Saudi Arabia is governed by Sharia law, and Islam is closely interwoven with daily life. Although foreigners are allowed to practise their own religion in private, proselytising is strictly forbidden. For the most harmonious and peaceful experience possible, expats are advised to respect Islamic laws and customs, bearing in mind that they are guests in the Kingdom.

Expat women in Saudi Arabia

Expat women, in particular, may struggle to adjust to life in Saudi Arabia, especially if moving there as a trailing spouse. Many of the freedoms they enjoyed back home are far more limited in Saudi Arabia. The best way to blend in and not attract unwanted attention when out in public is to wear an abaya (a long, flowing black robe) over clothes. Women aren't obligated to wear an abaya by law, but public decency laws do specify that knees and shoulders should be covered in public.

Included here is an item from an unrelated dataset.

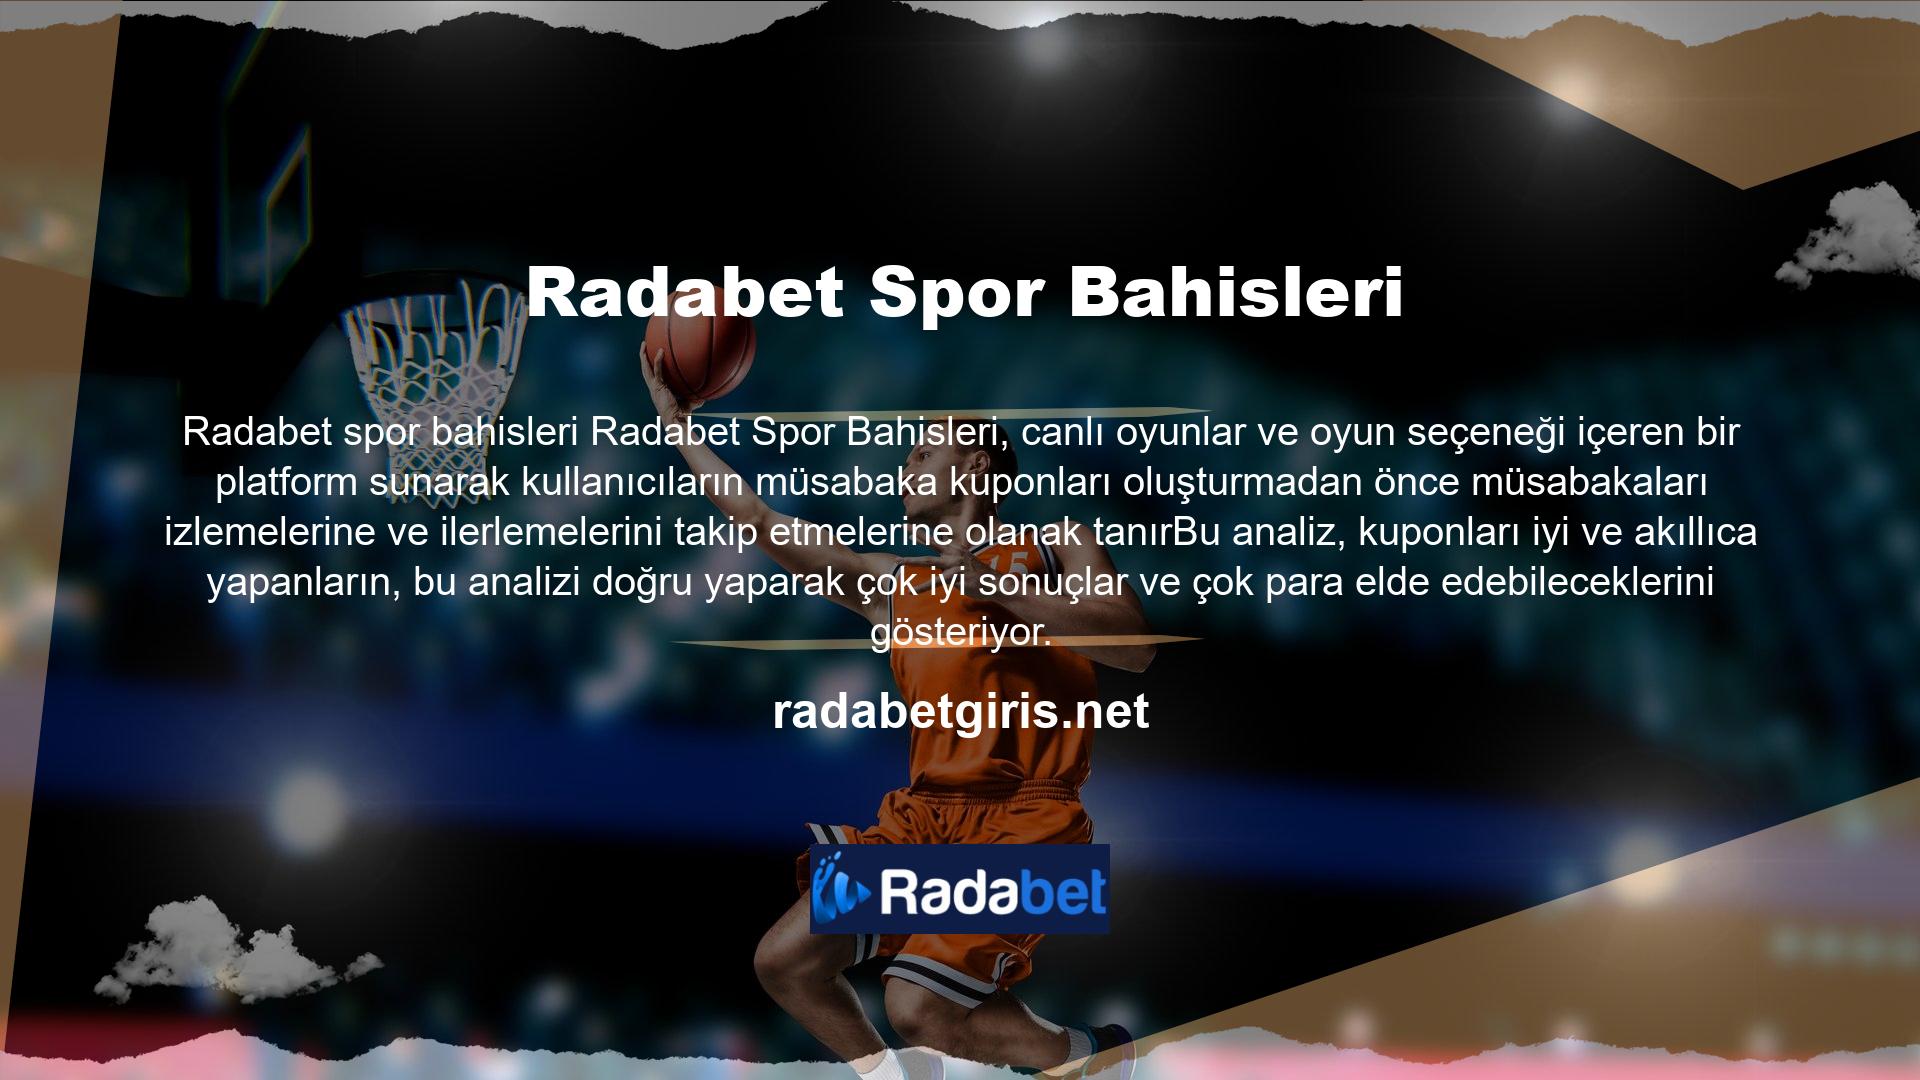 Radabet canlı maç özelliği, sitenin tüm kanallarından uydu üzerinden canlı yayınları görüntüler
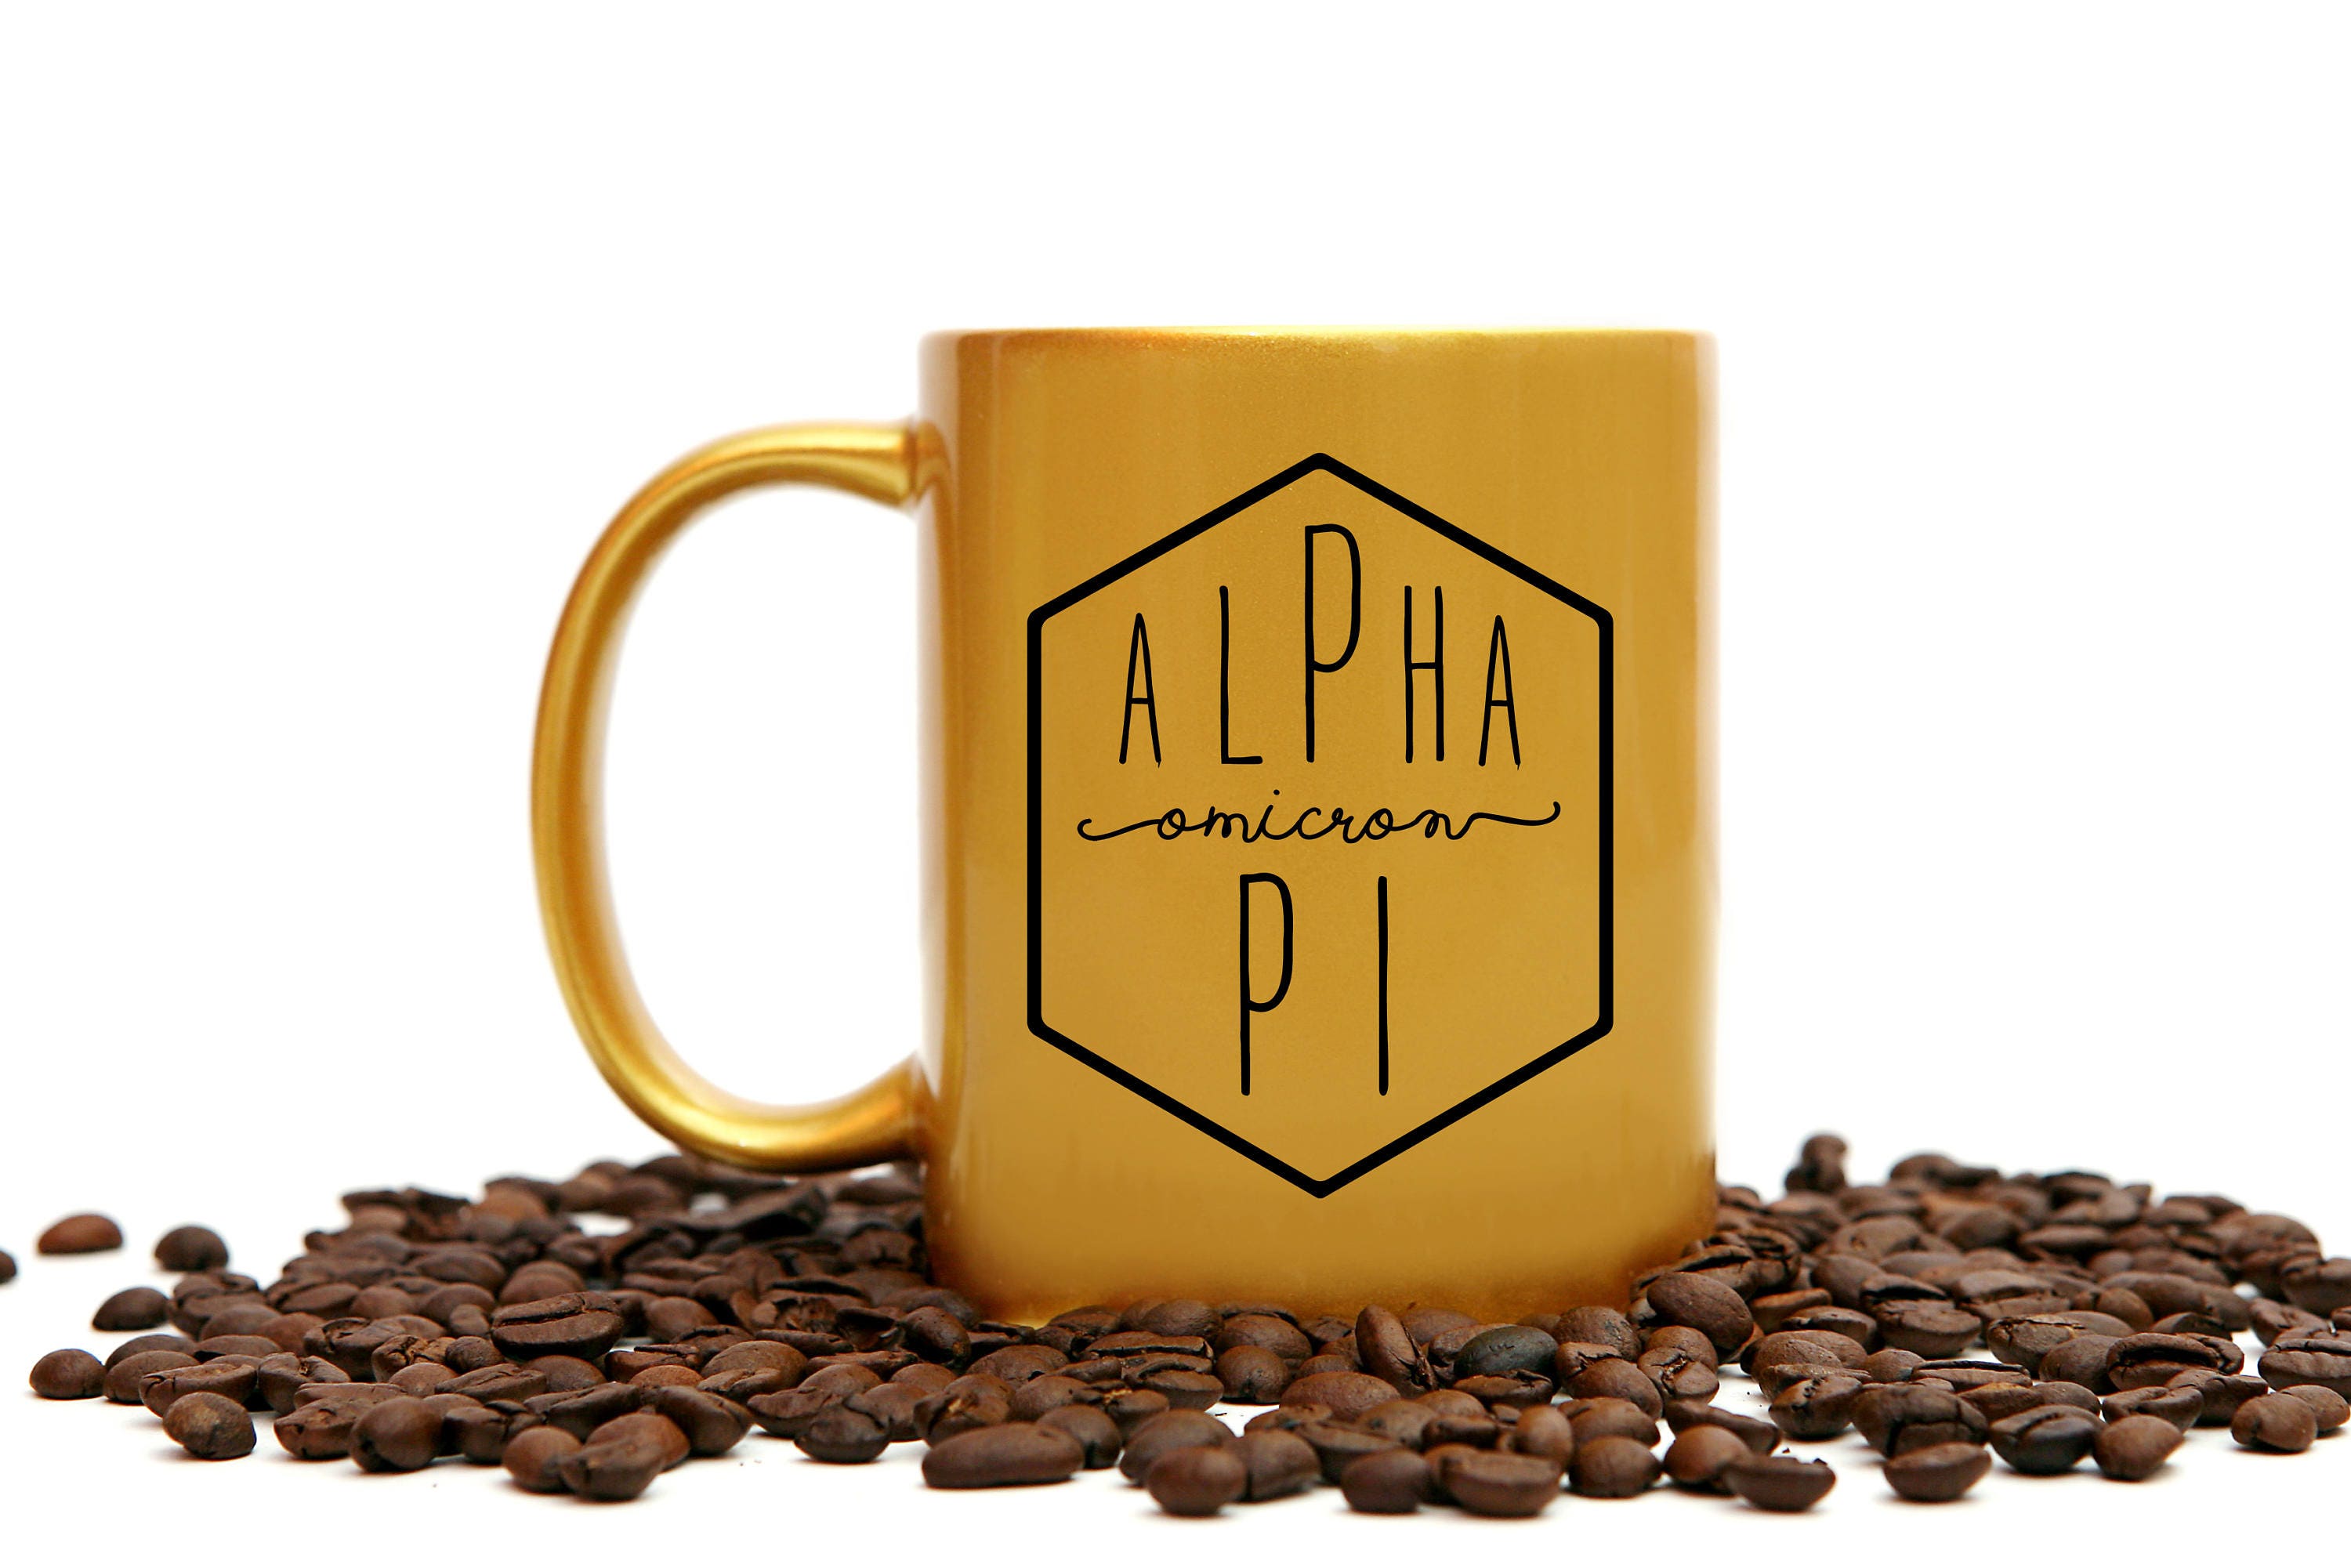 Alpha Omicron Pi Gold Coffee Mug - Go Greek Chic

If living in Saudi as a dependant on their husband’s visa, women aren't automatically granted the right to work and will need to obtain their own sponsor and work visa to do so.

Expat families and children

Foreign children don't often attend Saudi public schools due to language and cultural barriers, but there are several international schools that cater to the international community. The standard of education at these schools is generally high. Due to the high demand, space is often limited and parents should consider applying as early as possible to get a place for their child in their school of choice. Fees can also be exorbitant. Expats should factor these costs into their contract negotiations when considering a move to Saudi Arabia.

Working and living in Saudi Arabia is best treated as an adventure and new life experience. To make the most of it, expats should view their move to Saudi as a combination of career advancement, new cultural experiences and financial enrichment.

Fast facts

Population: 35 million

Capital city: Riyadh (also largest city)

Other major cities: Jeddah, Dammam, Mecca

Neighbouring countries: Jordan, Iraq, Kuwait, Qatar, Bahrain, United Arab Emirates, Oman and Yemen

Political system: Unitary Islamic absolute monarchy

Geography: Saudi Arabia is made up mostly of desert. The population is distributed in the eastern and western coastal towns as well as the interior oases, but much of the country remains empty desert. 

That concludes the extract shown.